To ensure reliable performance, the server enforces the following limits:

| Limit | Default | Environment Variable |
|-------|---------|---------------------|
| Maximum qubits | 100 | `QISKIT_MCP_MAX_QUBITS` |
| Maximum gates | 10,000 | `QISKIT_MCP_MAX_GATES` |

Circuits exceeding these limits will return an error with a descriptive message.
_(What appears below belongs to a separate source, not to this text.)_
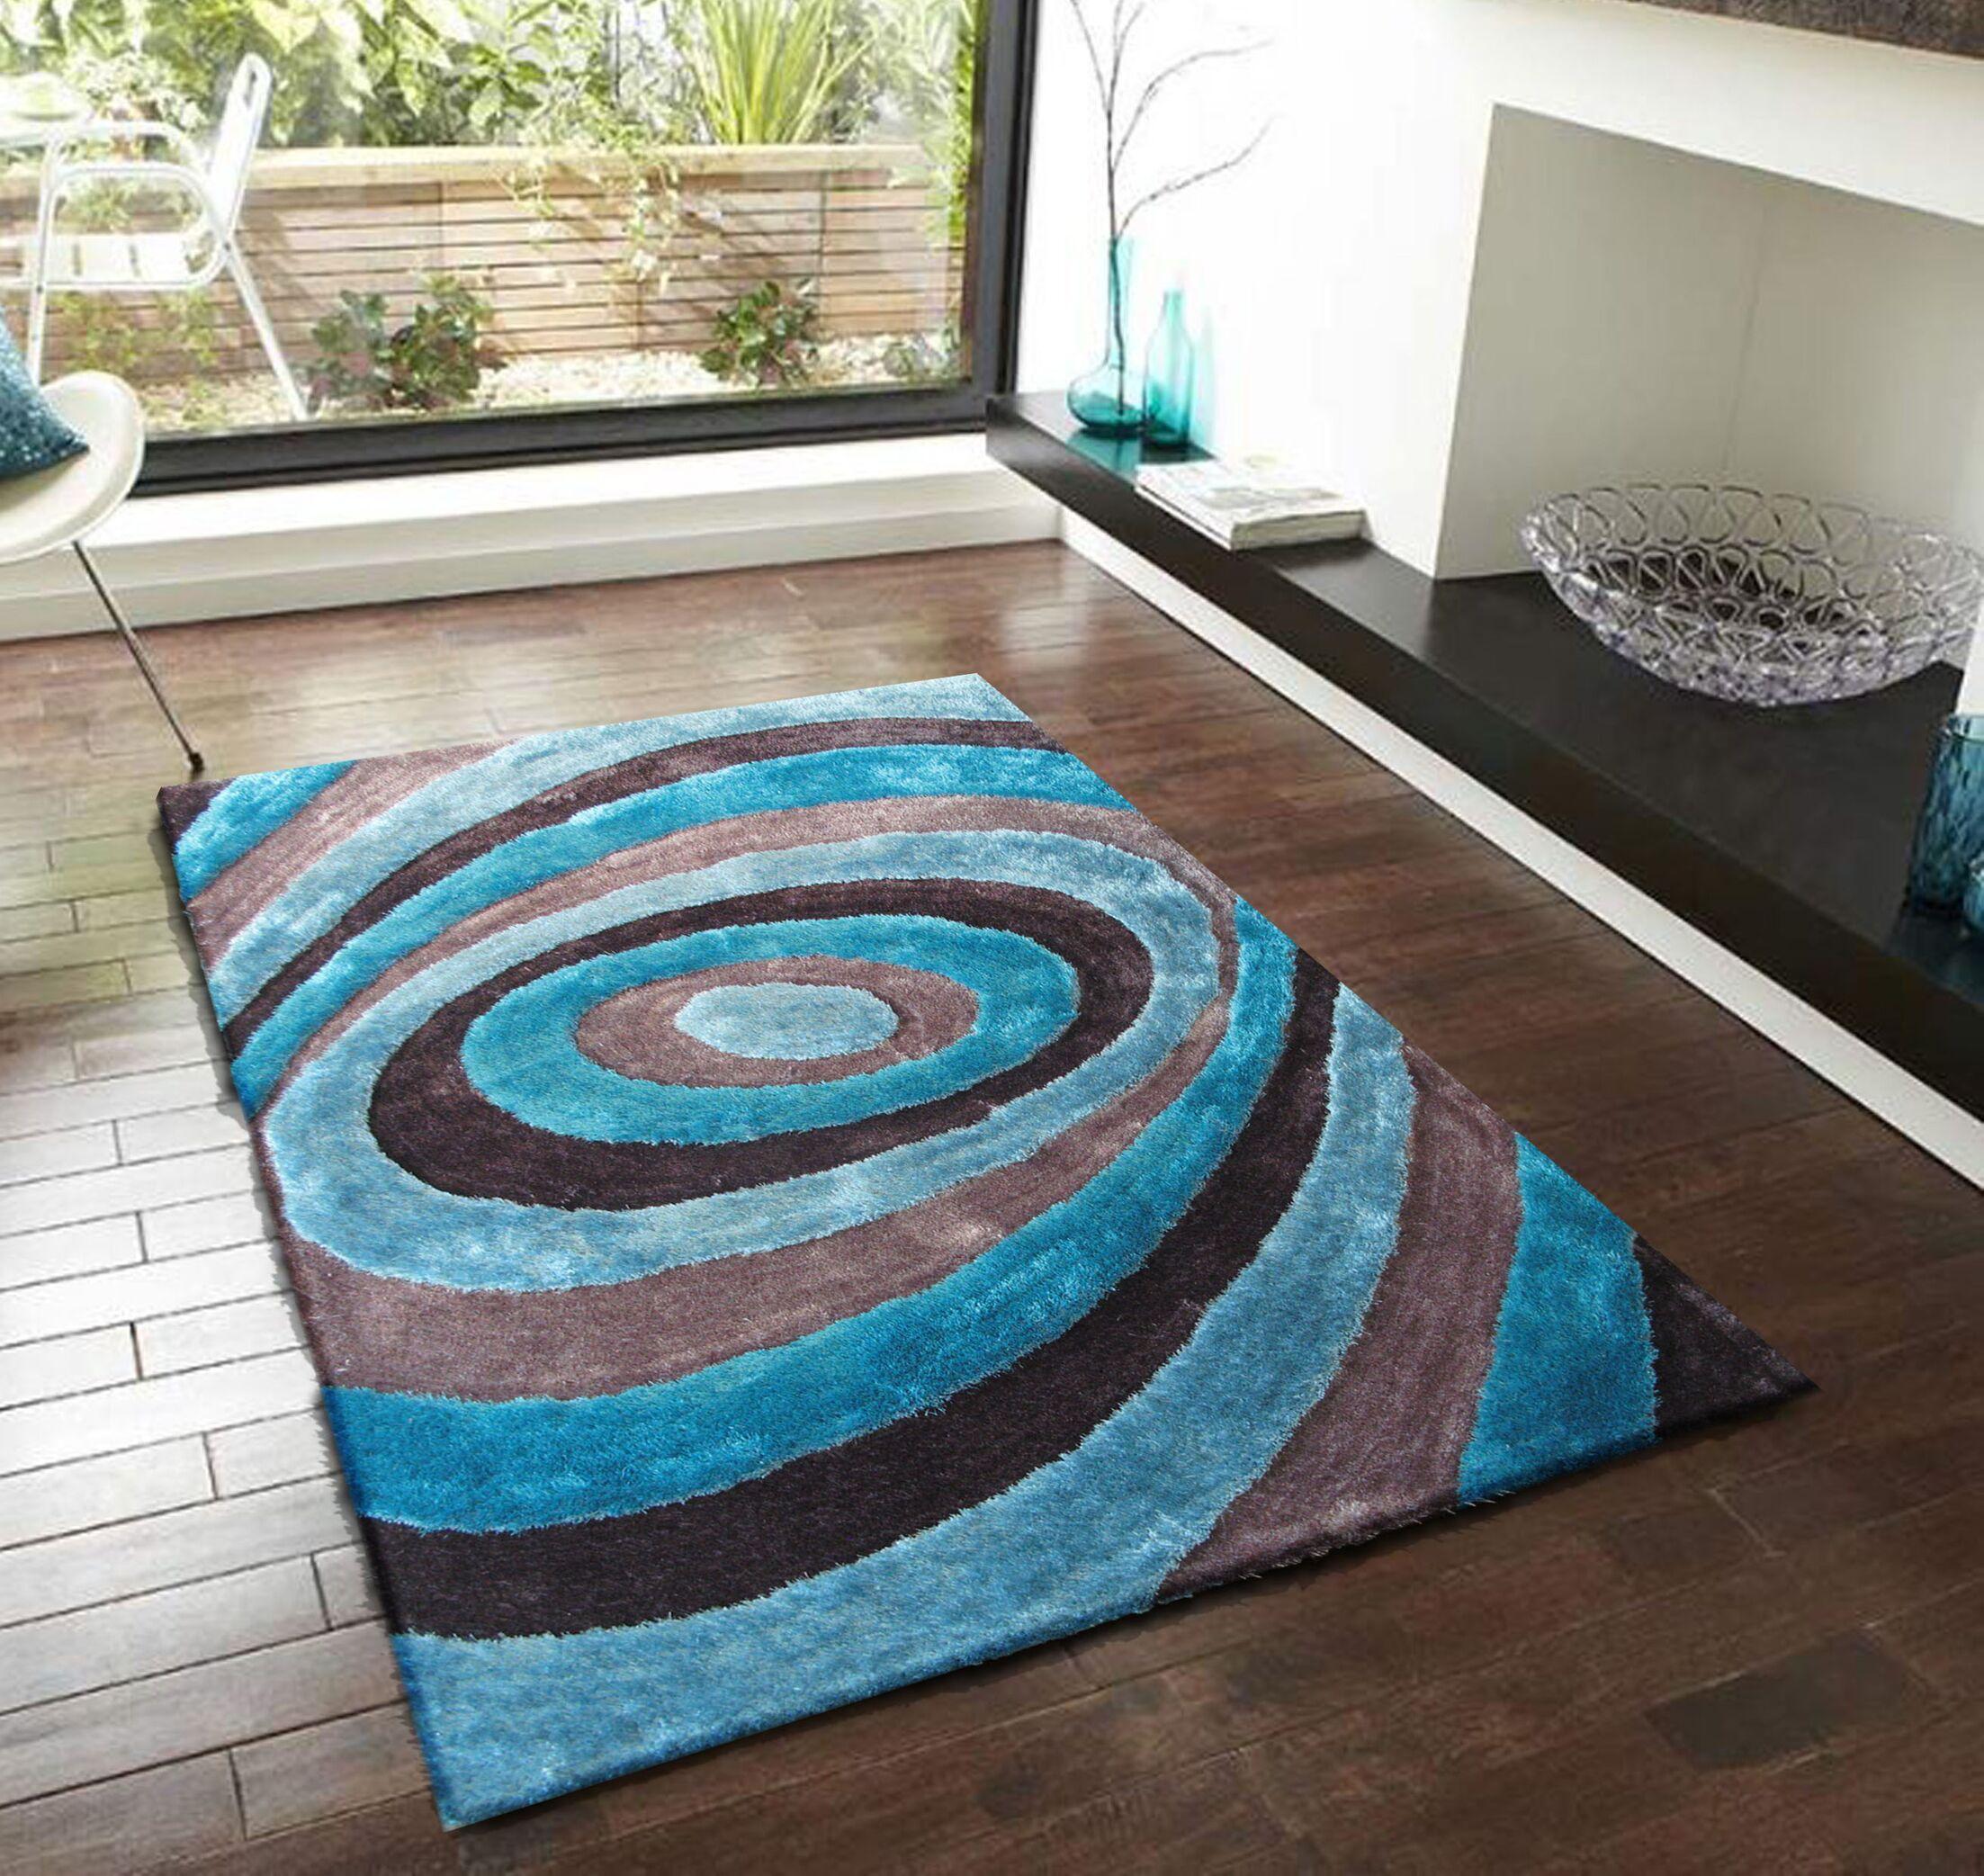 Orme Shaggy Hand-Tufted Gray/Blue Area Rug Rug Size: Rectangle 4' x 5'4

You can override these limits via environment variables:

```bash
# Allow up to 200 qubits and 50,000 gates
export QISKIT_MCP_MAX_QUBITS=200
export QISKIT_MCP_MAX_GATES=50000
```

### Performance Recommendations

| Optimization Level | Use Case | Performance |
|-------------------|----------|-------------|
| 0 | Quick iterations, debugging | Fastest |
| 1 | Development, prototyping | Fast |
| 2 | Production use (recommended) | Balanced |
| 3 | Critical applications, small circuits | Slowest |

**Tips:**
- Use level 2 for most use cases (best balance of quality and speed)
- Use level 3 only when circuit quality is critical AND circuit is small (<20 qubits, <500 gates)
- Use level 0 or 1 for rapid prototyping and development
- The `compare_optimization_levels` tool helps identify the best level for your specific circuit

## Transpilation Stages

The Qiskit transpiler processes circuits through six stages:

1. **init**: Decompose multi-qubit gates to 1 and 2-qubit operations
2. **layout**: Map virtual qubits to physical qubits
3. **routing**: Insert SWAP gates for hardware connectivity
4. **translation**: Convert to target basis gates
5. **optimization**: Reduce gate count and circuit depth
6. **scheduling**: Add timing and delay instructions

## Testing

```bash
# Run all tests
uv run pytest tests/ -v

# Run with coverage
uv run pytest tests/ --cov=src --cov-report=term-missing

# Run specific test class
uv run pytest tests/test_transpiler.py::TestTranspileCircuit -v
```

## Development

```bash
# Install dev dependencies
uv sync --group dev --group test

# Run linting
uv run ruff check src tests
uv run ruff format --check src tests

# Run type checking
uv run mypy src

# Run all checks
./run_tests.sh
```

## Contributing

Contributions are welcome! Please see the [CONTRIBUTING.md](../CONTRIBUTING.md) guide in the root of the repository.

## License

This project is licensed under the Apache License 2.0 - see the [LICENSE](LICENSE) file for details.